» GIVEN INFORMATION:
######

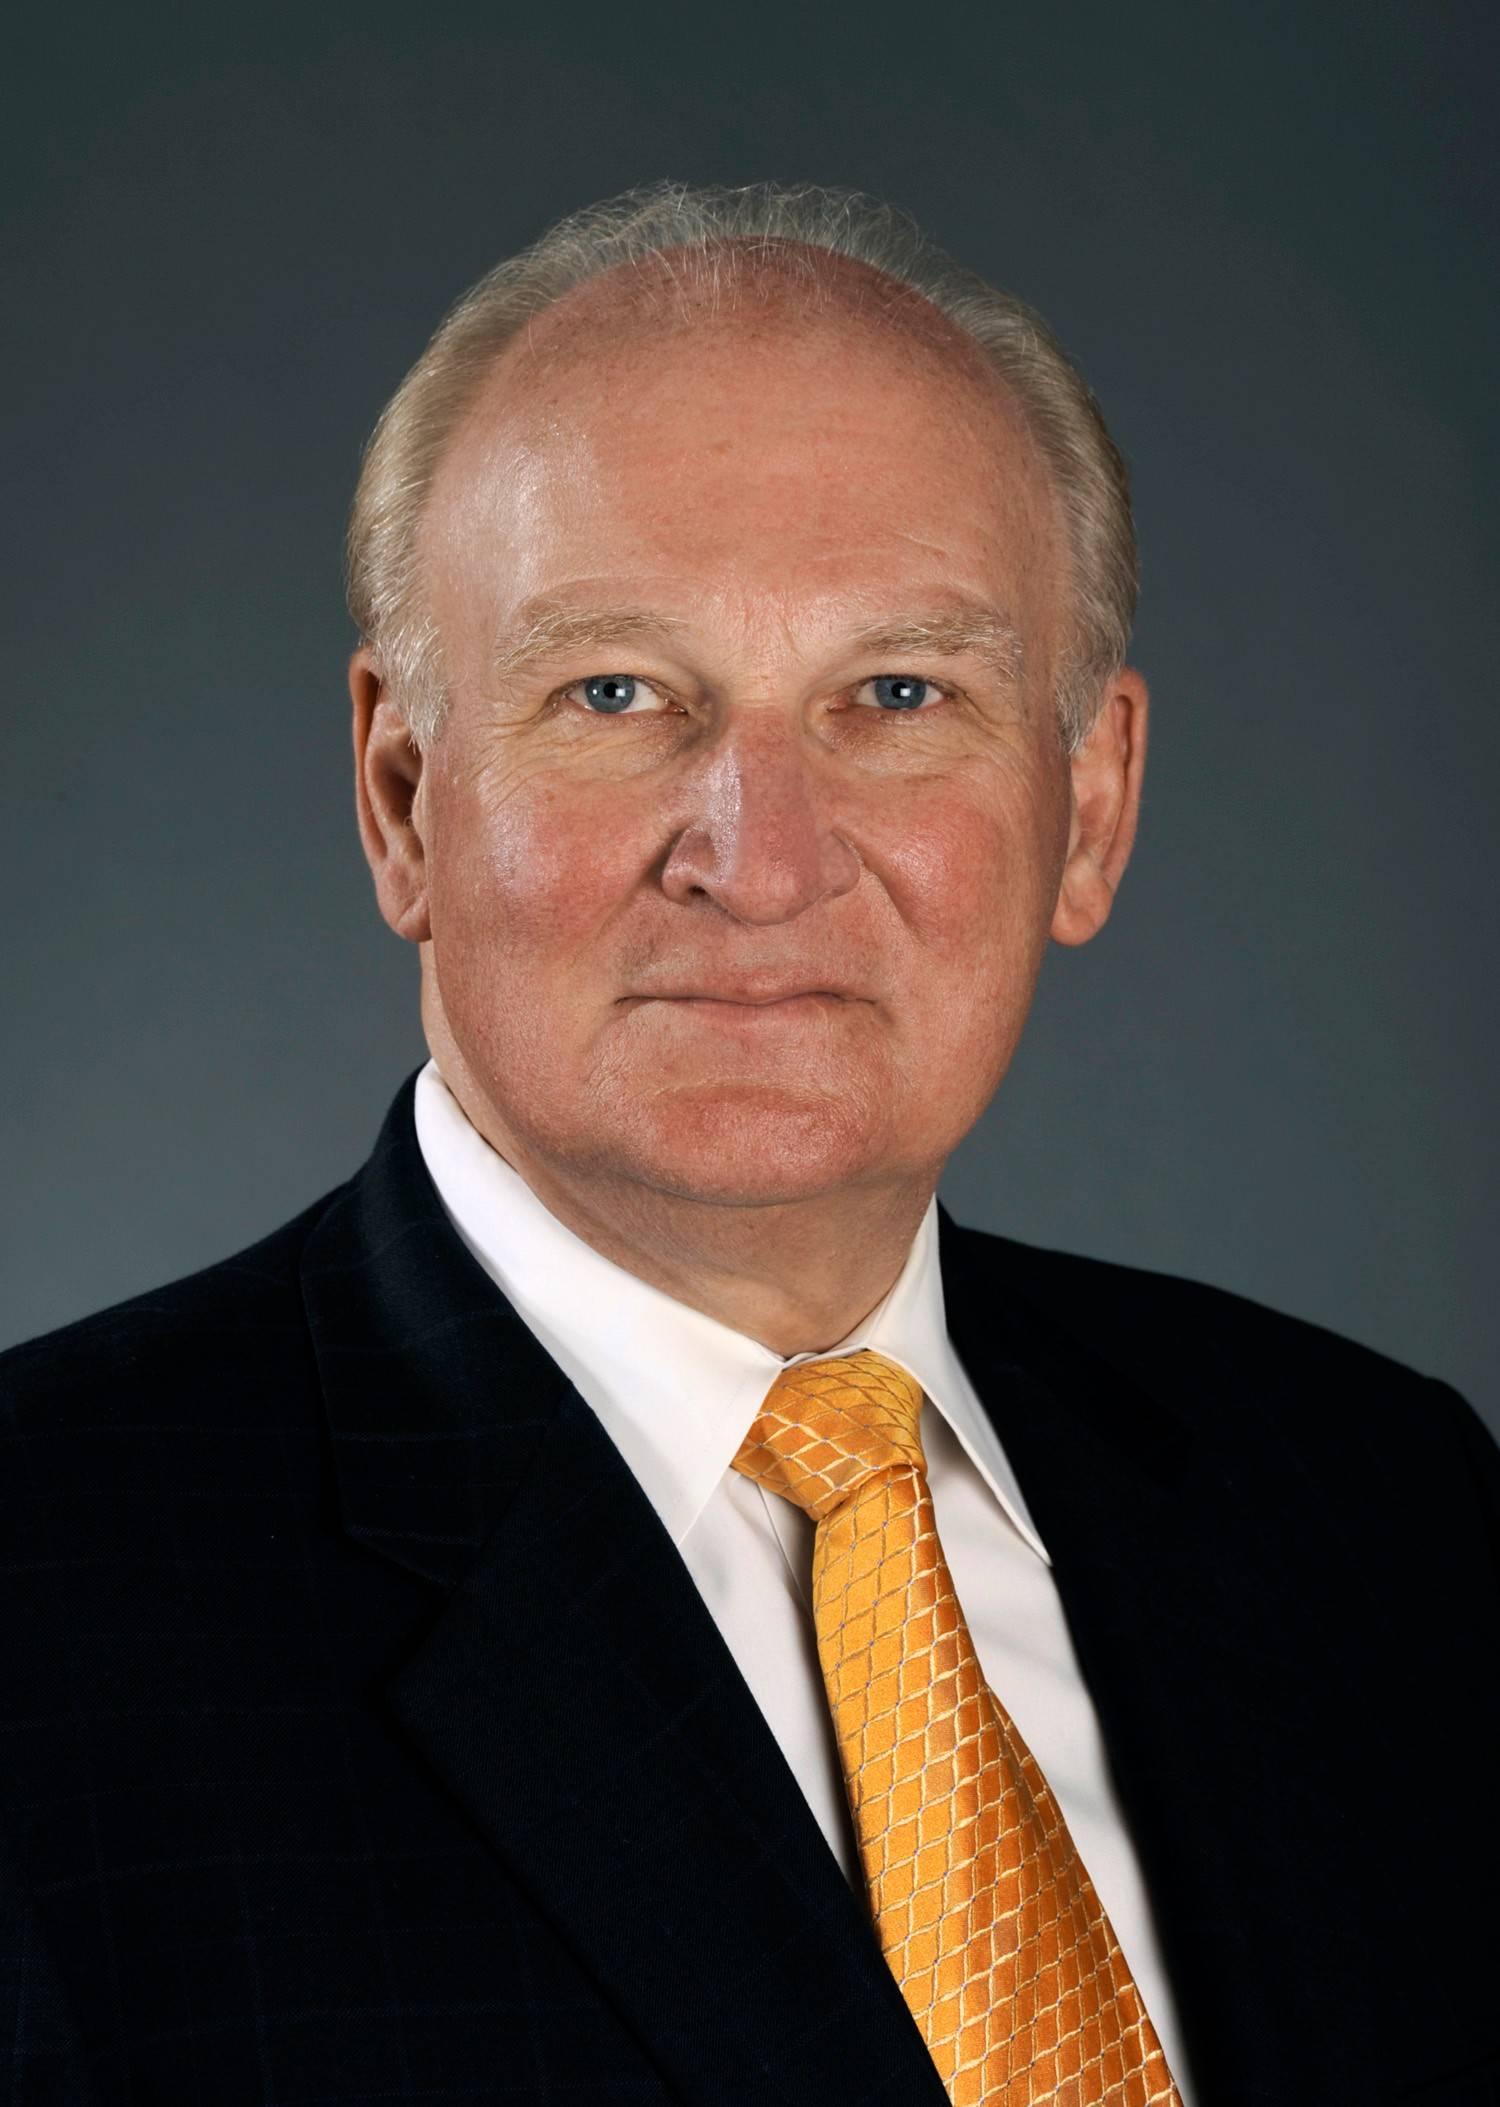 Ex-trustee: Breuder was offered $2 million buyout in 2009
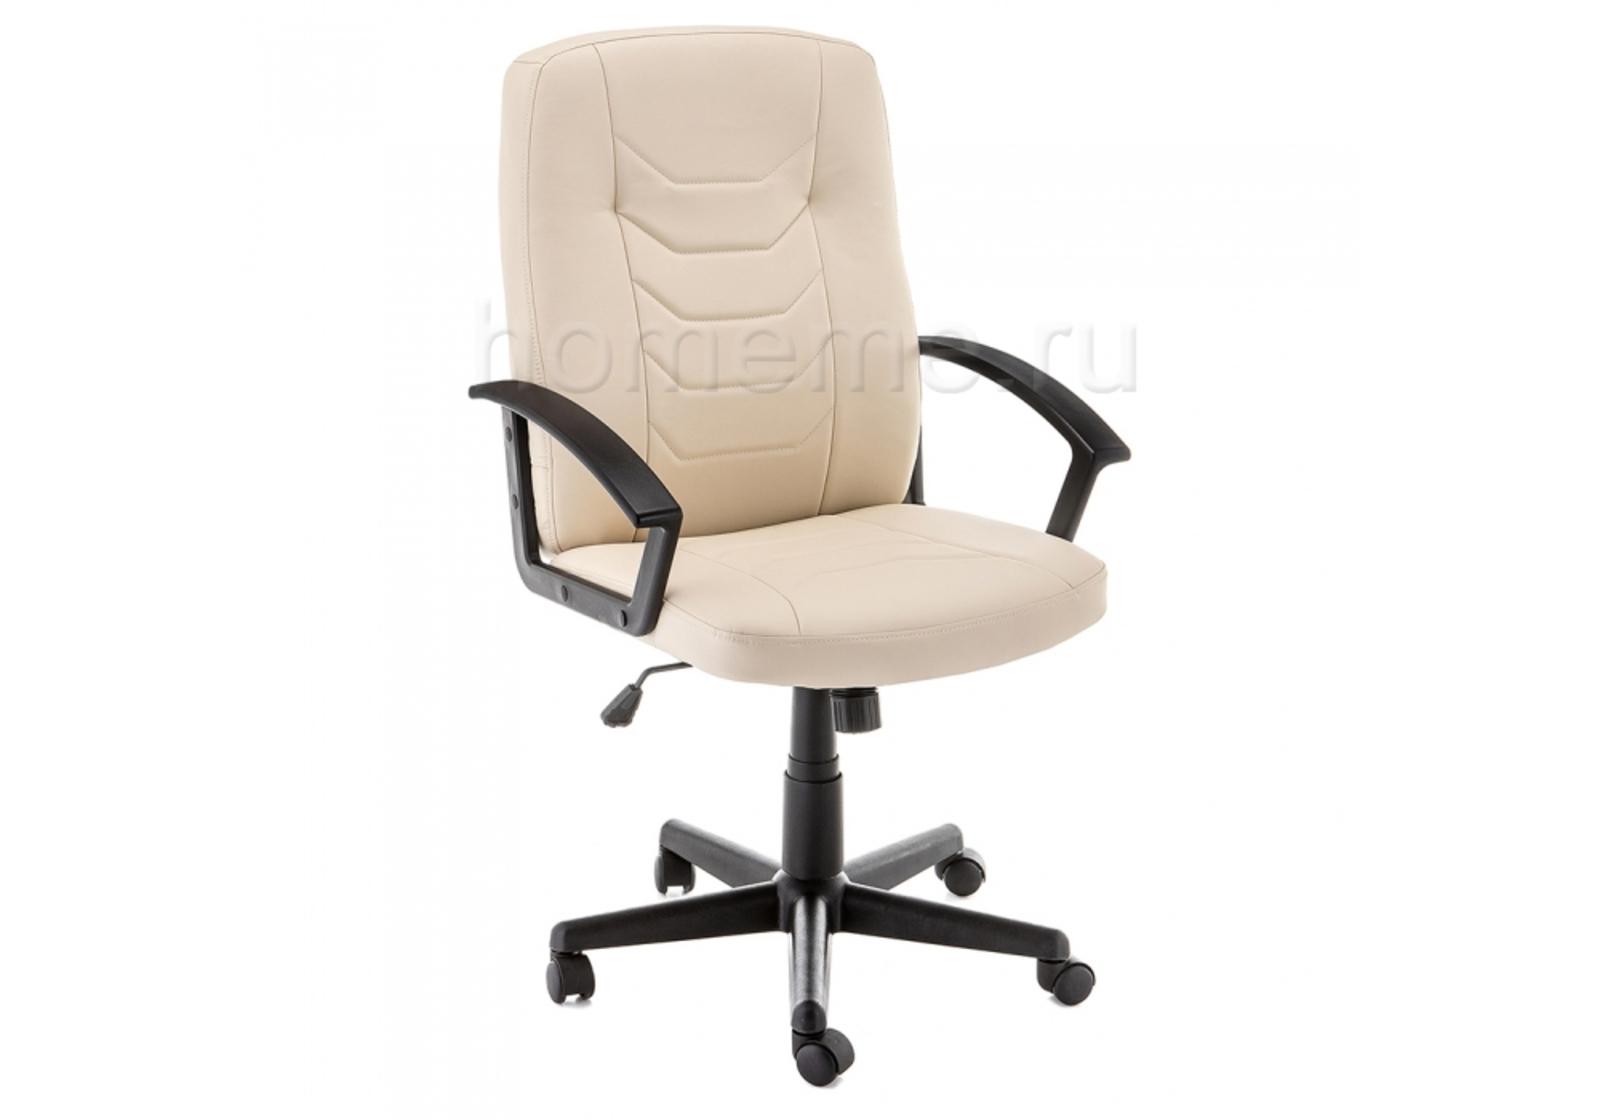 Кресло для офиса HomeMe Darin Ivory 11265 от Homeme.ru
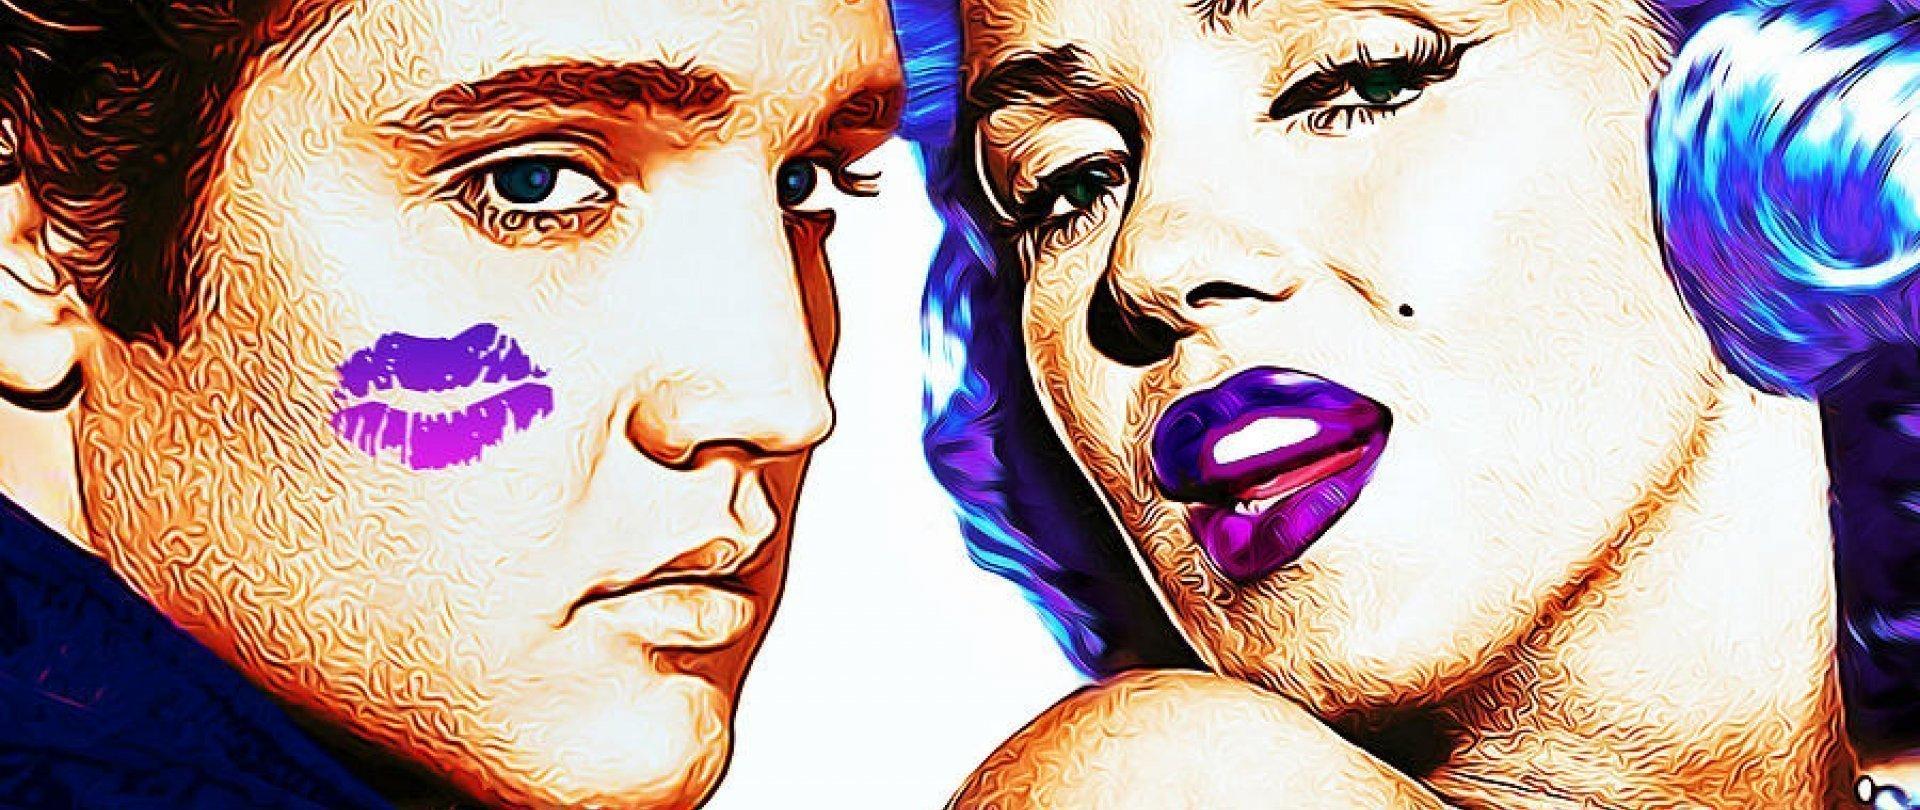 Bilety na Sylwester 2019/2020 Elvis Presley & Marylin Monroe Show  FIRST MINUTE

######

» EXERCISE PROMPT: Output the listing above exactly, excluding all pictures.

» RESPONSE TO THE TASK:
 Ex-trustee: Breuder was offered $2 million buyout in 2009
 Кресло для офиса HomeMe Darin Ivory 11265 от Homeme.ru
 Bilety na Sylwester 2019/2020 Elvis Presley & Marylin Monroe Show  FIRST MINUTE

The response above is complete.